A jednak, patrząc z naszej strony wieczności, widzimy, że byty tego świata niosą śmierć, że jest w nich śmiercionośny jad i sprawiedliwość podlega prawu śmierci. To empiryczna miara tego, jak głęboko świat został zdeformowany przez grzech, począwszy od protogrzechu, ojca wszelkiego grzechu, prakatastrofy, matki wszystkich katastrof. Po grzechu pierworodnym wszystko jest już inaczej, nie tak jak miało być, nie tak jak było na początku. Grzech jakby rozszczepił każdy atom, niesprawiedliwość wkroczyła w głąb struktury zranionego Wszechświata.
I żeby można było zacząć reperować całą naszą rzeczywistość, po to by dokonało się odkupienie, Chrystus dobrowolnie przyjmuje na siebie największą niesprawiedliwość w historii świata. Jezus na śmierć skazany – to największa niesprawiedliwość popełniona w całych ludzkich dziejach. Albowiem tylko o Nim w historii Wszechświata można powiedzieć: „przeszedł On, czyniąc dobrze” (Dz 10,38). Czyniąc tylko dobrze, wyłącznie dobrze i w pełni dobrze. Działając zawsze sprawiedliwie. Zawsze i całkowicie – z miłością.
Stojąc wobec tej tajemnicy, przywołujemy pamięć o popełnionych przez nas, przeze mnie, niesprawiedliwościach, o skrzywdzonych przez nas ludziach, także najbliższych, o moim – rozpychającym się kosztem bliźnich – egoizmie.
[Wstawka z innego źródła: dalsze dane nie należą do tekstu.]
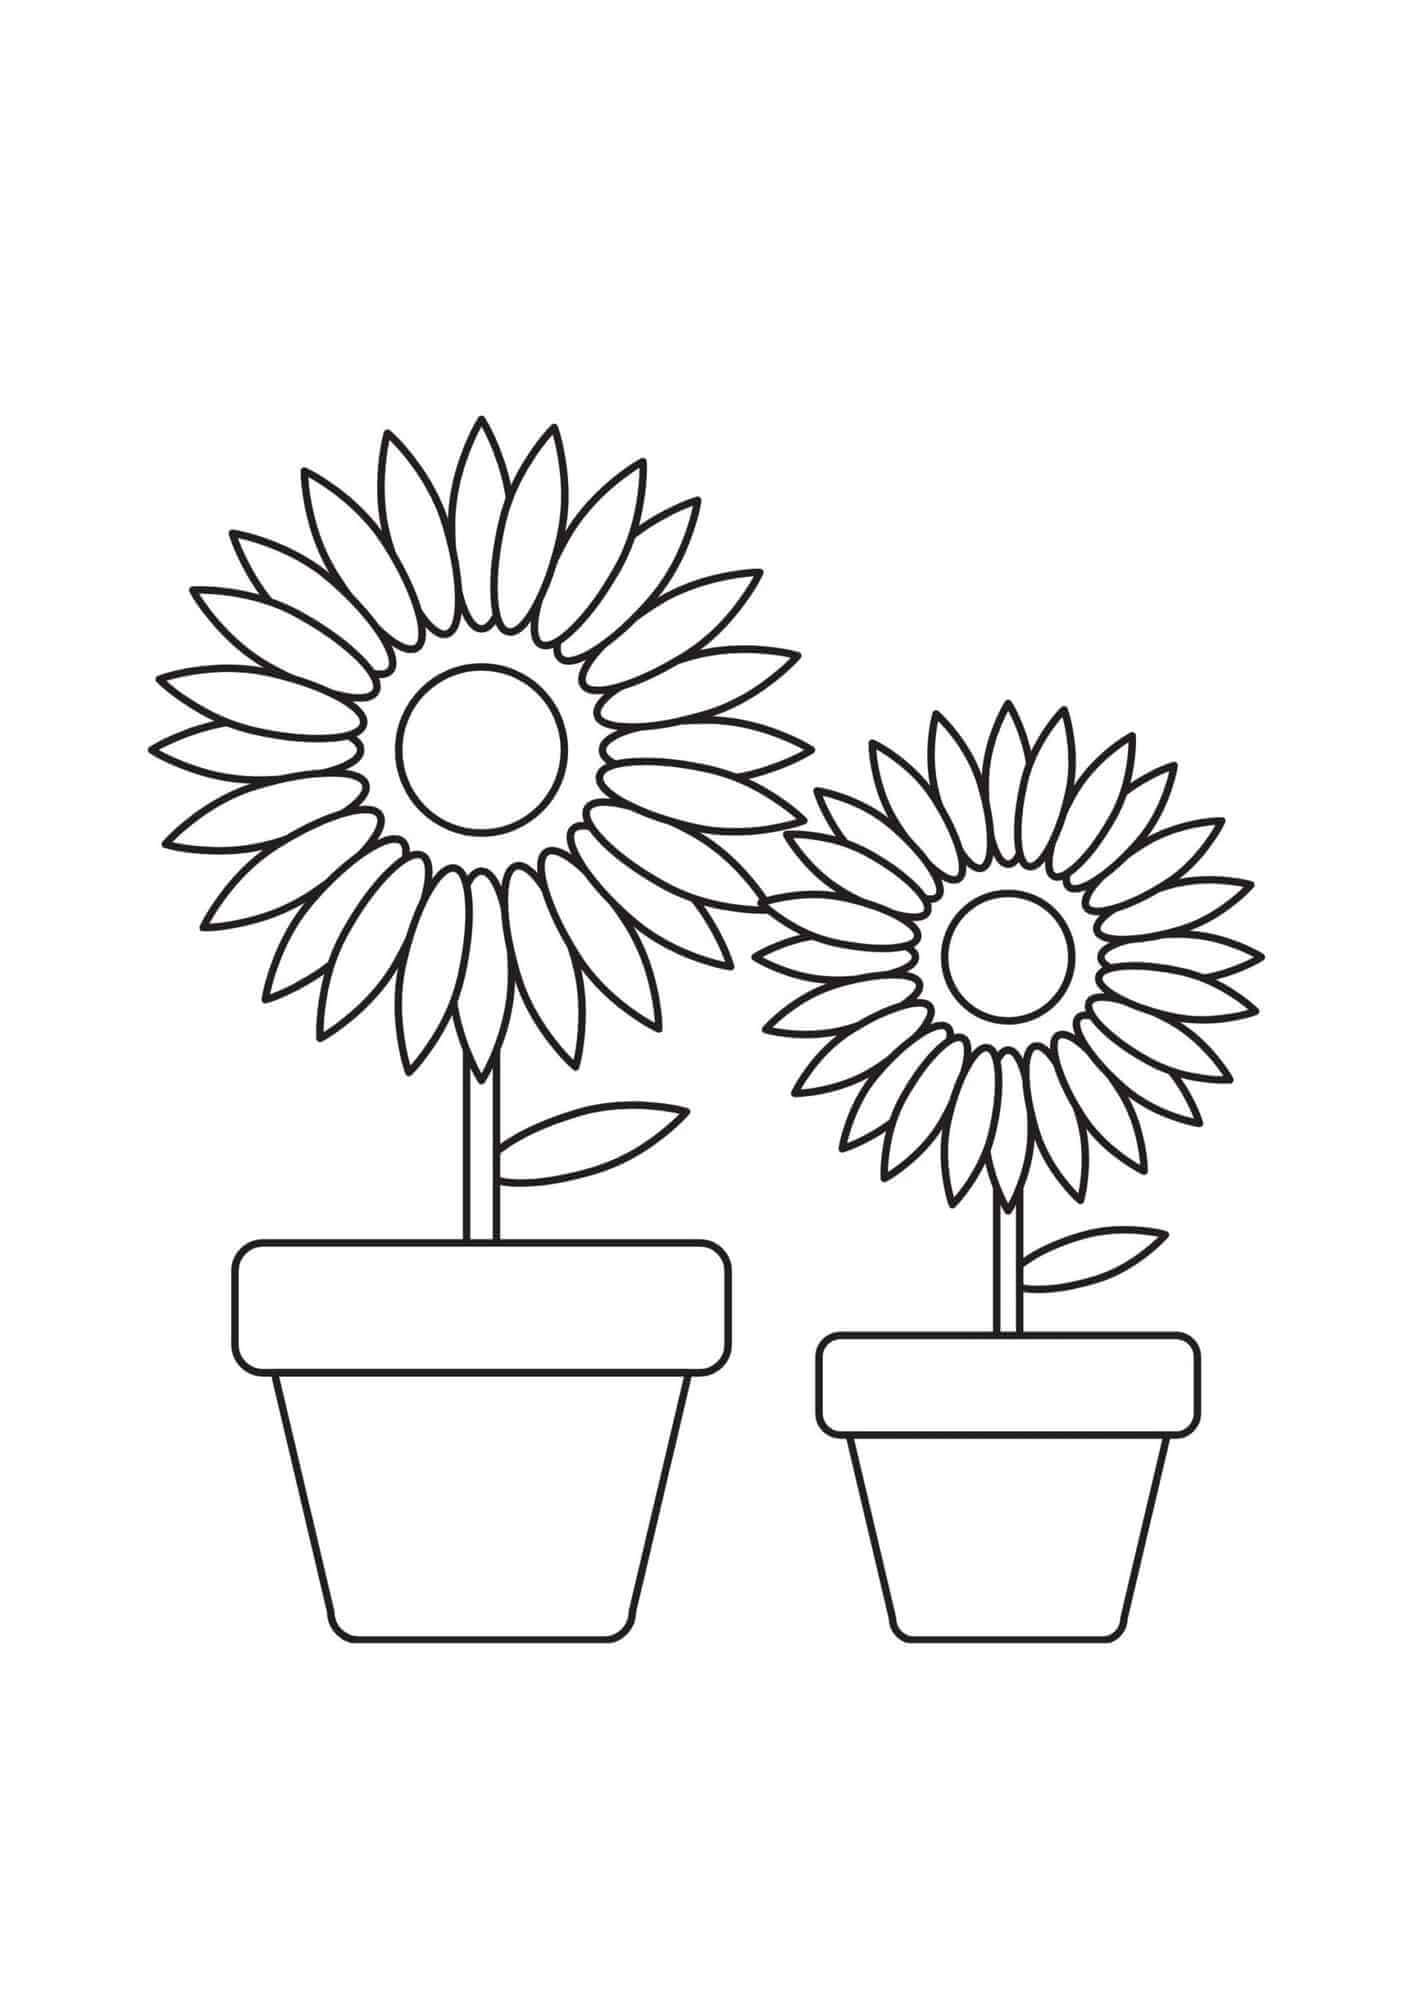 Zwei Sonnenblumen von Vasen

Dlatego podczas tej pierwszej stacji prosimy Ciebie, Panie Jezu, odpuść nam uczynione przez nas krzywdy, naucz przyjmować bez agresji, bez załamywania się i bez chęci odwetu popełnione wobec nas niesprawiedliwości.
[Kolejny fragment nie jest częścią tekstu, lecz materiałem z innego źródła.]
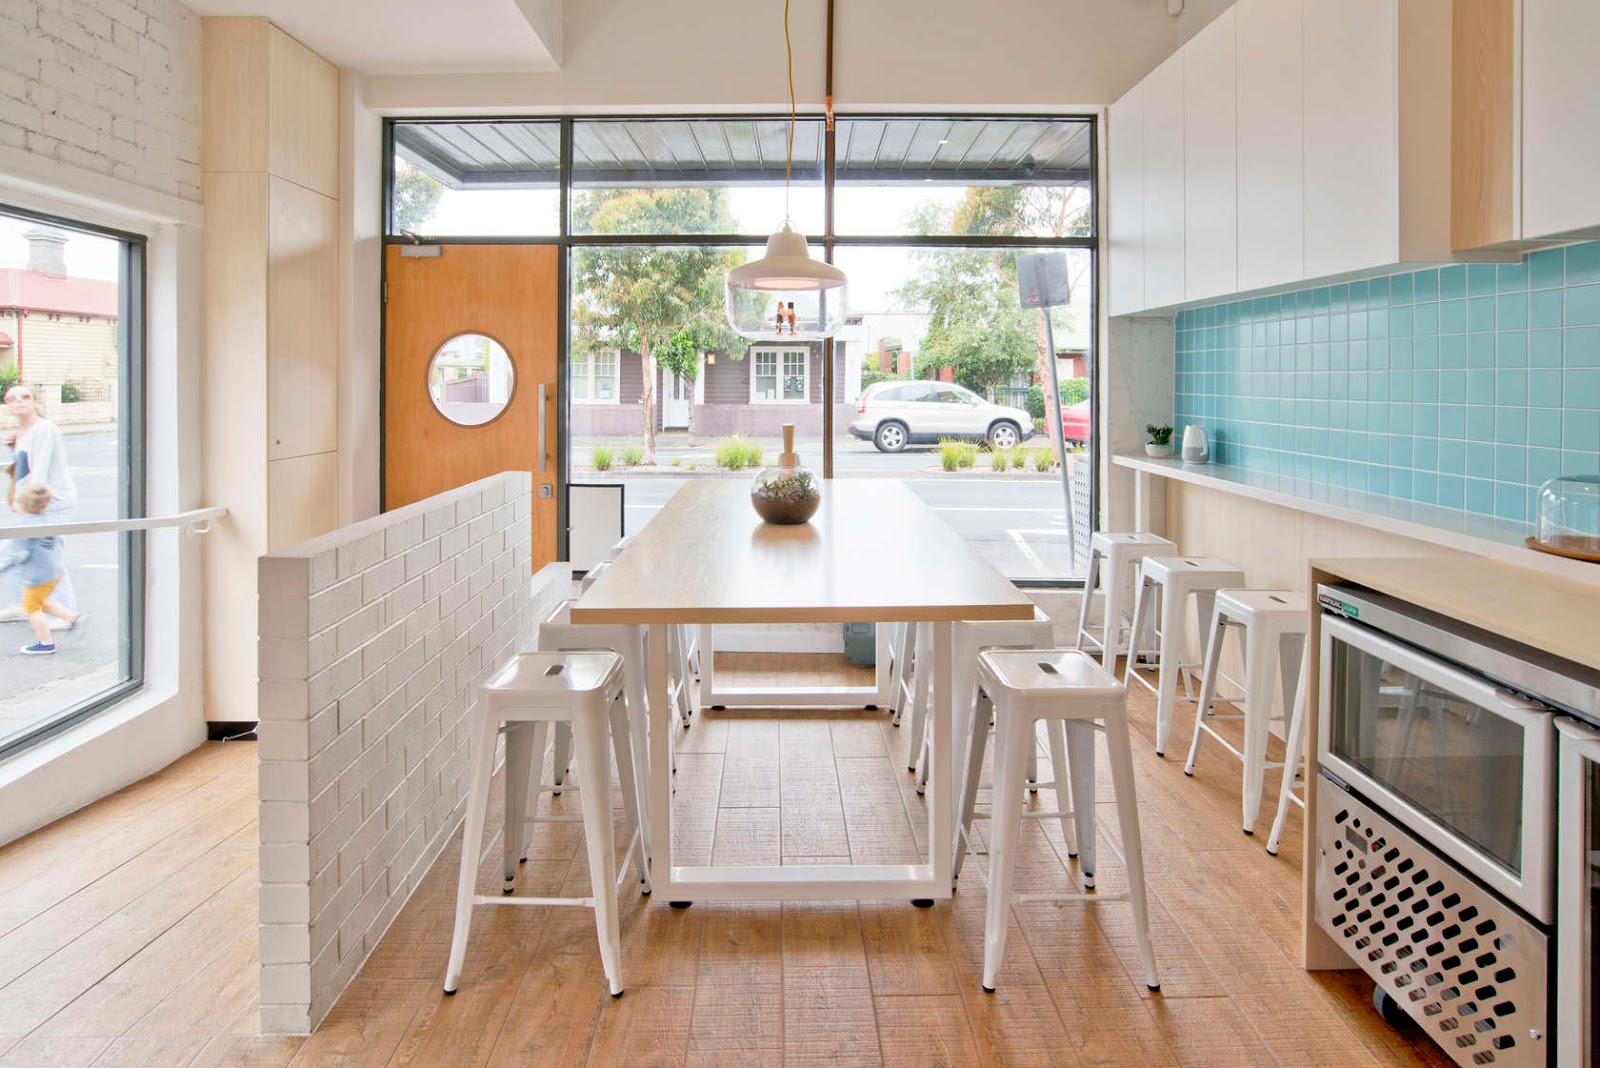  Desain  Interior  Cafe  Rumahan Desain  Rumah Minimalis

Spraw, Panie Jezu, aby tkwiące w nas łaknienie i pragnienie sprawiedliwości przemieniło się w czyny. Byśmy zawsze pamiętali o najsłabszych i najbardziej bezbronnych, aby świat wokół nas stał się choć odrobinę bardziej sprawiedliwy, choć nieco lepszy.
------------------------------------------------------------------------
^() Cytaty biblijne według Biblii Tysiąclecia, Pallottinum, Poznań 2003.II
PAN JEZUS BIERZE KRZYŻ NA RAMIONA
To nie będzie zbyt daleka droga, choć dla poranionego biczami ciała każdy krok jest bolesnym wysiłkiem. Zaledwie pół kilometra. Ale jest to droga wyłącznie w jedną stronę. Droga, z której już nie ma powrotu. Każdy jej metr przybliża moment umierania, każdy jej krok jest krokiem ku śmierci, oddech – oddechem ku śmierci. Wpisana jest w nią absolutna bezradność. Nic już nie można odmienić. Nie będzie już znikąd pomocy. Za pięćset metrów czeka tylko jeszcze bardziej potworny ból, a za nim ogarniająca wszystko ciemność – spowijająca czas i przestrzeń wszechobecna czerń...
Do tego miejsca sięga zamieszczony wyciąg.